This post is written by Joe Jaeger, CEO of Statecraft, an online international relations simulation:
In college my degree was based on my desired career. At the time I chose political science in order to become a lawyer.
My parents frantically recommended I pick a more “technical” degree. I loved and was fascinated by political science, but chose to also major in business “just in case” I changed my mind.
Sadly, many employers are reluctant to hire political science majors. The belief is that the degree fosters thoughtful writers and researchers instead of the problem solvers that many think can be found with business degrees.
As a student of business and political science and also an employer I must admit that I understand this perception. In political science I learned how to research and interpret vast amounts of data to come to a conclusion. As a business student I was required to do the same, but only as due diligence for implementing plans to solve problems or achieve goals.
Political science students are trained to answer questions like “Does illegal immigration from Mexico have a positive or negative effect on the economies of border towns?” Business students are trained to answer, “What immigration plan would most benefit the economies of border towns and how should this plan be implemented?”

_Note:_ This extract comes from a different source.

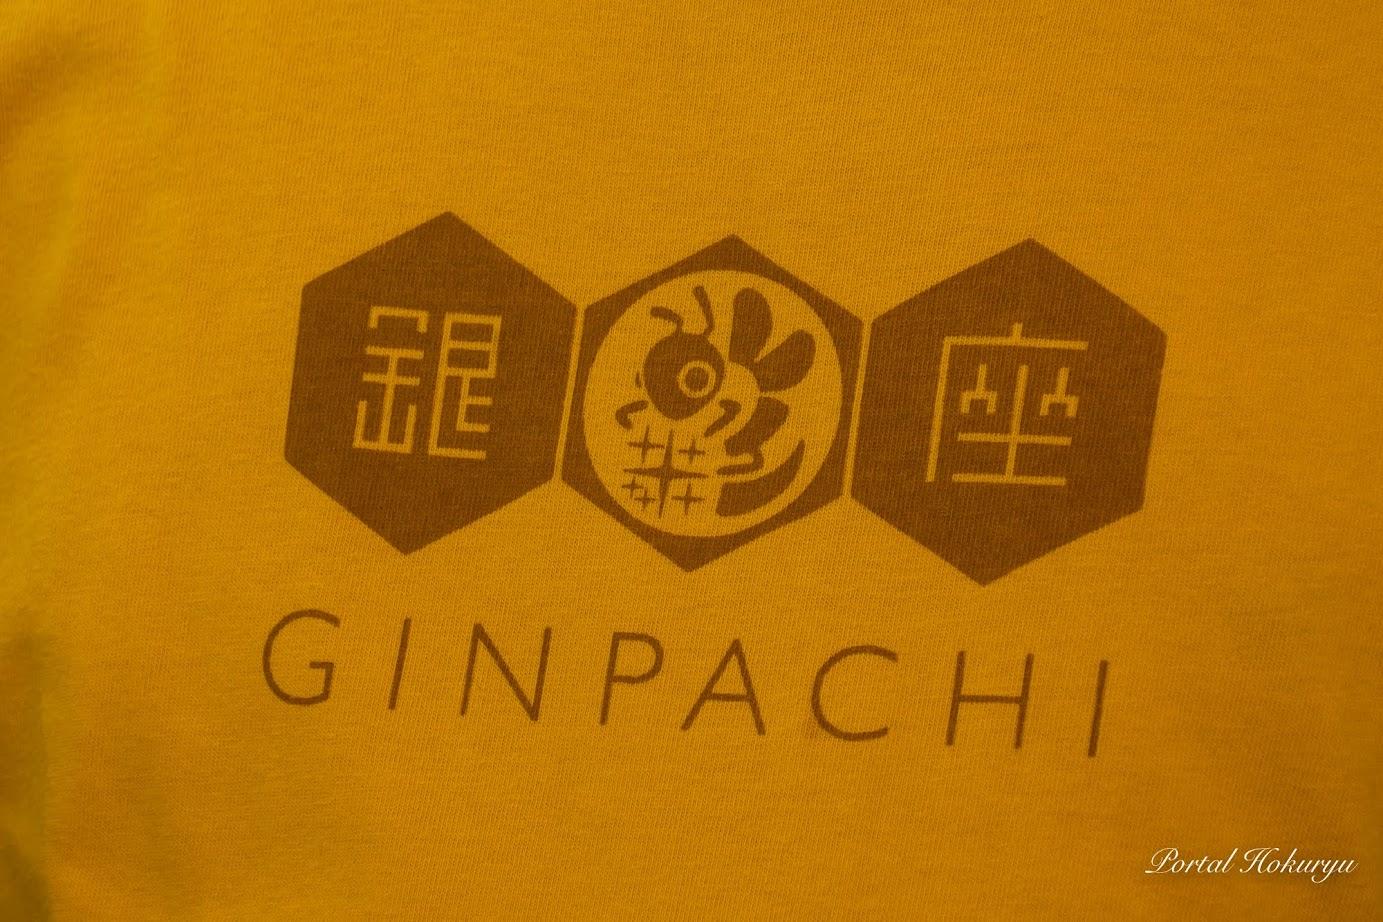 Tシャツのロゴ「GINPACHI」

In order to maximize the employability of political science majors, students need to use concepts to solve problems. Changing expectations of what students research and write about will help; however, simulations are a more immediate solution as they require students to research, solve problems, negotiate, think critically, evaluate risk, and consider their resources and capabilities. These experiences often take years for businessmen to develop and are coveted by employers across all industries. The more simulations become a part of political science degree plans, the more needing a technical degree “just in case” won’t exist.